Today I am pleased to bring you a guest post from internationally published knitwear designer, Brenda Castiel.  I tested her Garden Party Cardi pattern for her  and couldn’t have been more delighted with the pattern and working with Brenda was such a joy.  Be sure to check her out on Ravelry!

So, without further adieu…

 

Brenda Castiel Designs

I’ve been a knitter, on and off, since my teens. I learned from a grainy black and white Paton’s booklet. Since I’m self taught, I have gotten used to figuring things out on my own. Sometimes that’s a good thing, and sometimes not!

I first got the idea to start designing when KnitPicks (Knitpicks.com) started their Independent Design Program in spring of 2010. I thought to myself, “They’re just starting out, so maybe they won’t be too fussy about what they accept.”  I’m not saying that’s true, but that’s what I thought. That gave me the push to get started.

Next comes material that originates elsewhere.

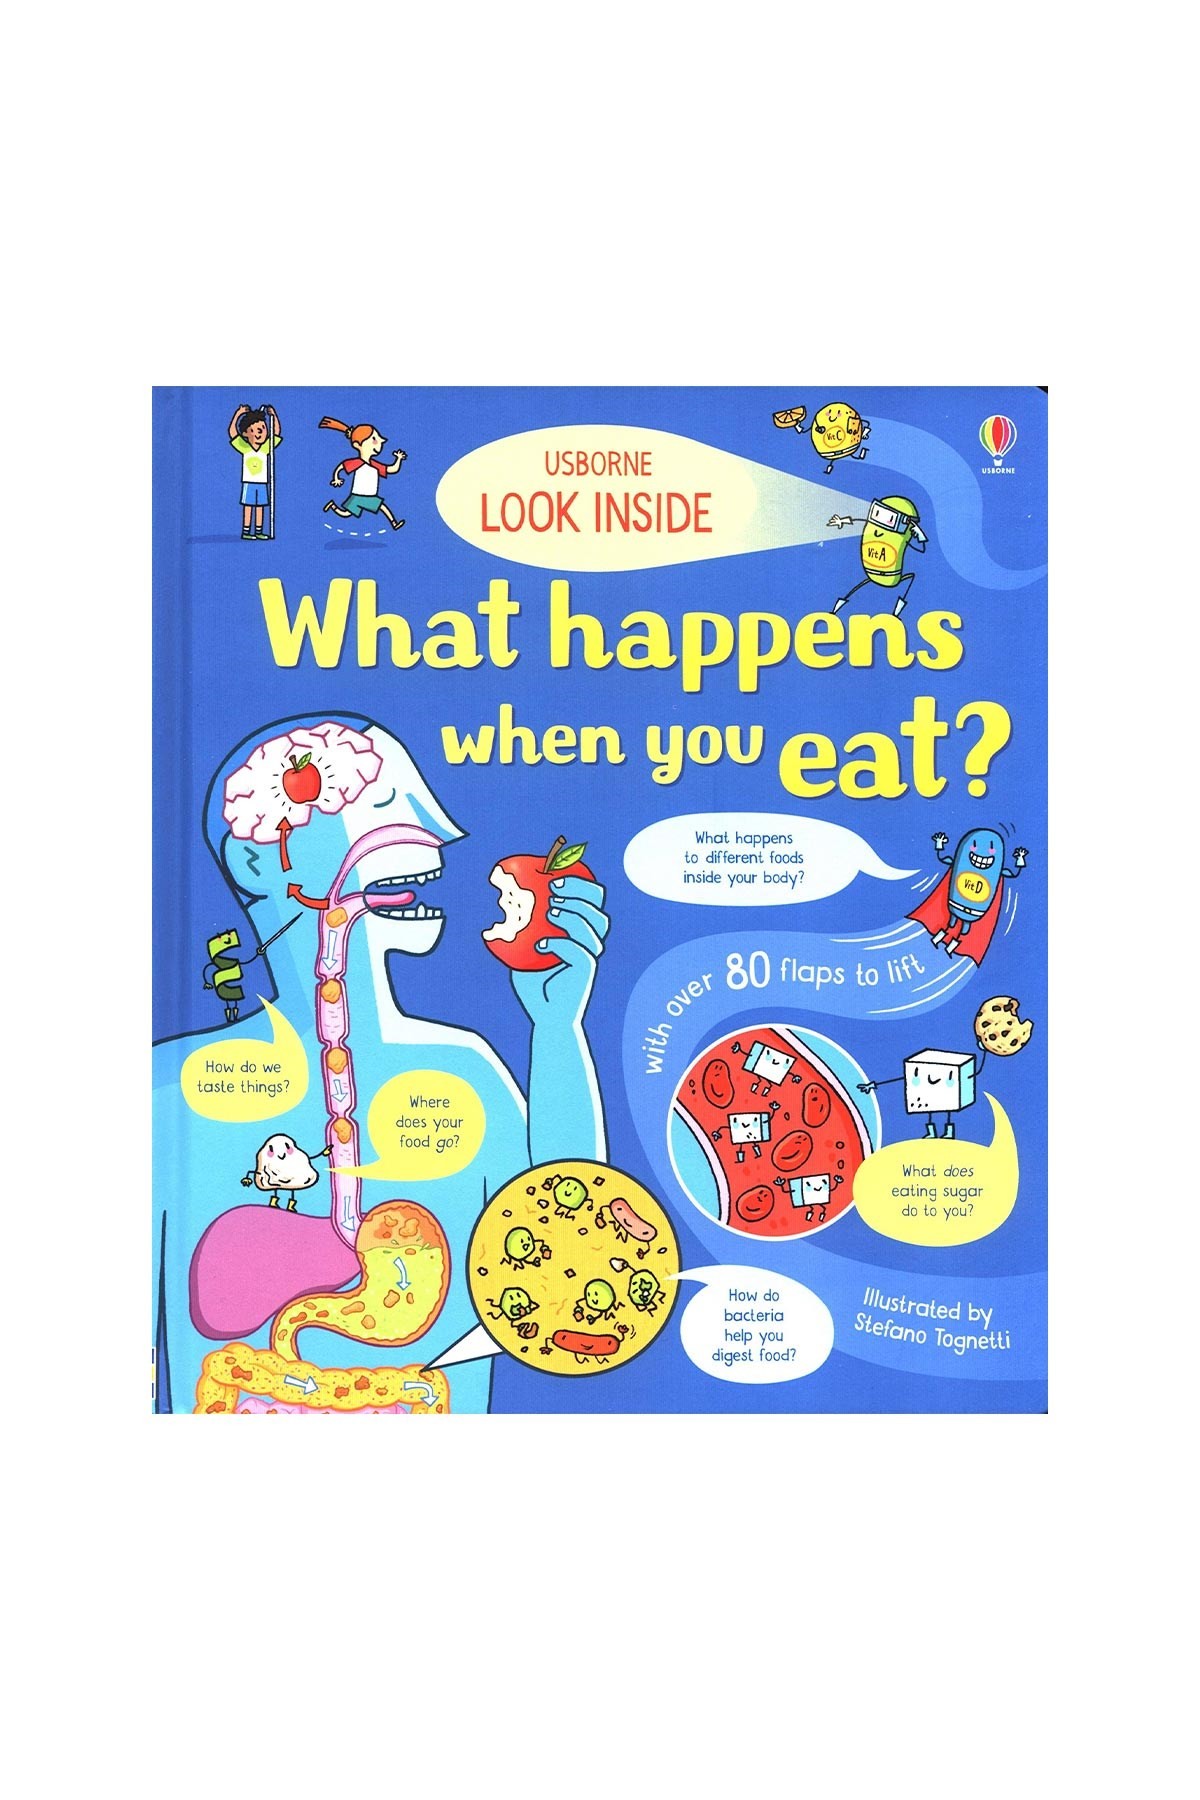 The Usborne Look Inside What Happens When You Eat

So I submitted a design – for a toddler/child sweater with an embroidered pocket – and it was accepted! I was off and running. I just started figuring out for myself what I needed. I then began submitting to magazines like Interweave KNITS, Knit Simple, Creative Knitting, and YARN magazine inAustralia– everywhere I could think of, really. I wasn’t ready to self-publish because I didn’t want to have to pay for professional photography and editing before I even knew if anyone would want to buy my patterns.

Increasingly, more of my patterns got accepted, including one crazy period when I had 6 sweaters to knit in 8 weeks. That was bad!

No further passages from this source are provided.